Reputation: 151
I am currently trying to tune hyperparameters using GridSearchCV in scikit-learn using a 'Precision at k' scoring metric which will give me precision if I classify the top kth percentile of my classifier's score as the positive class. I know it is possible to create a custom scorer using make_scorer and creating a score function. This is what I have now:
from sklearn import metrics
from sklearn.grid_search import GridSearchCV
from sklearn.linear_model import LogisticRegression
def precision_at_k(y_true, y_score, k):
df = pd.DataFrame({'true': y_true, 'score': y_score}).sort('score')
threshold = df.iloc[int(k*len(df)),1]
y_pred = pd.Series([1 if i >= threshold else 0 for i in df['score']])
return metrics.precision_score(y_true, y_pred)
custom_scorer = metrics.make_scorer(precision_at_k, needs_proba=True, k=0.1)
X = np.random.randn(100, 10)
Y = np.random.binomial(1, 0.3, 100)
train_index = range(0, 70)
test_index = range(70, 100)
train_x = X[train_index]
train_Y = Y[train_index]
test_x = X[test_index]
test_Y = Y[test_index]
clf = LogisticRegression()
params = {'C': [0.01, 0.1, 1, 10]}
clf_gs = GridSearchCV(clf, params, scoring=custom_scorer)

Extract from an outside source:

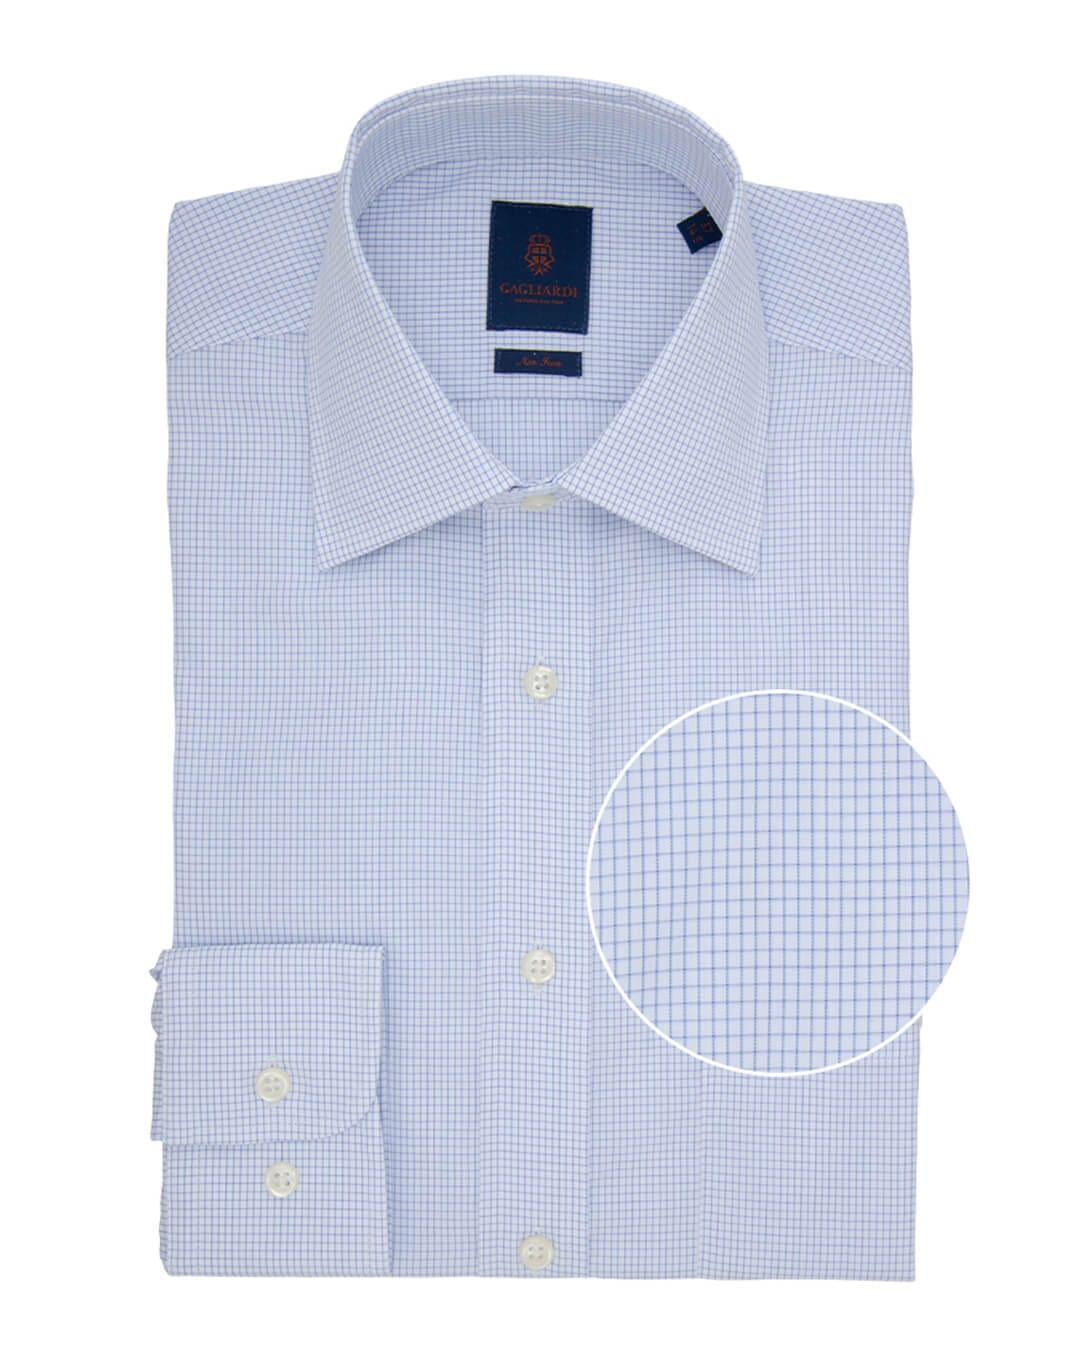 Gagliardi Shirts Gagliardi Tailored Fit White with Blue Mini Windowpane Poplin Cotton Non Iron Shirt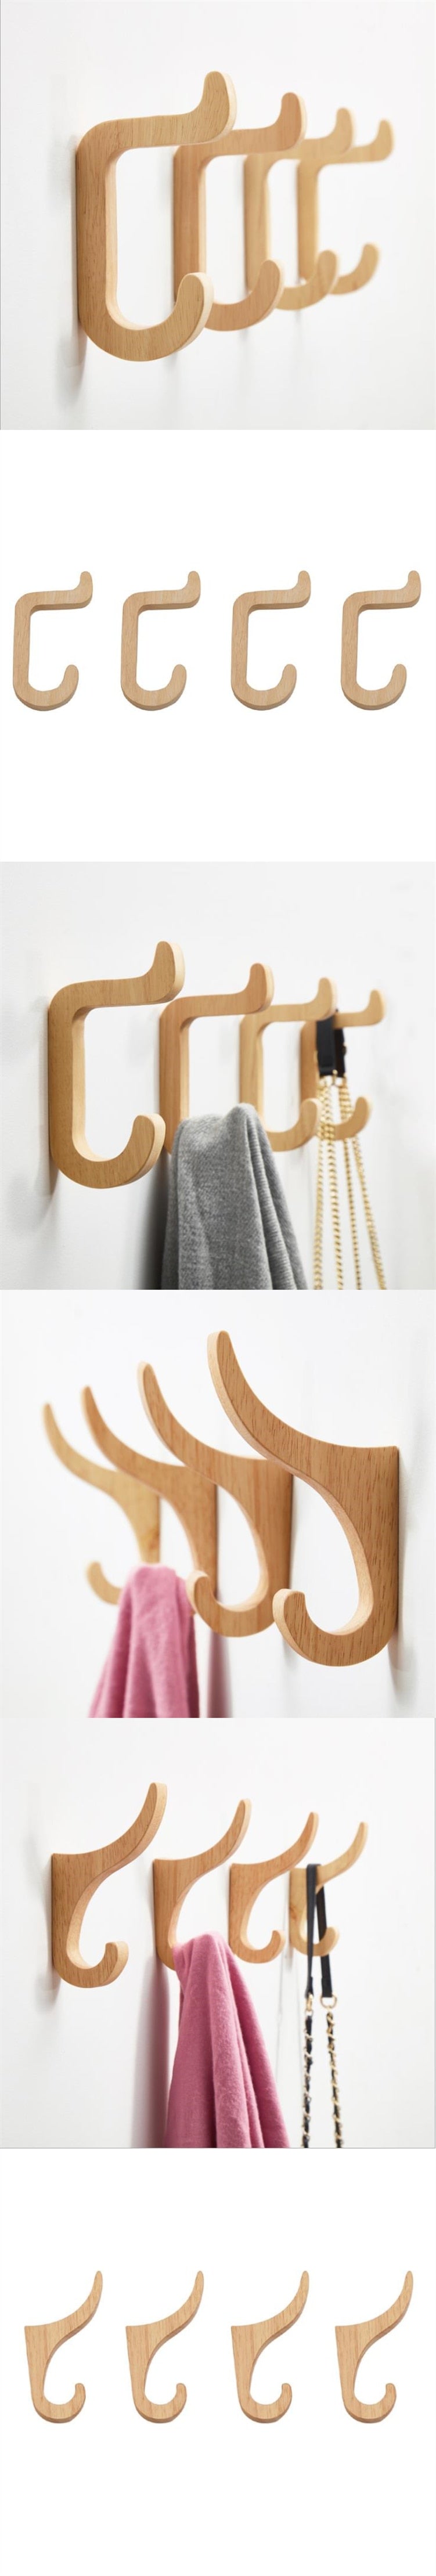 wall coat rack

clf_gs.fit(train_x, train_Y)
However, attempting to call fit
gives me Exception: Data must be 1-dimensional
and I'm not sure why. Can anyone help? Thanks in advance.
Upvotes: 5
Views: 4712
Reputation: 187
Arguments for pd.DataFrame should be 'list' not 'numpy.arrays'
So, just try converting y_true to python list...
df = pd.DataFrame({'true': y_true.tolist(), 'score': y_score.tolist()}).sort('score')
Upvotes: 2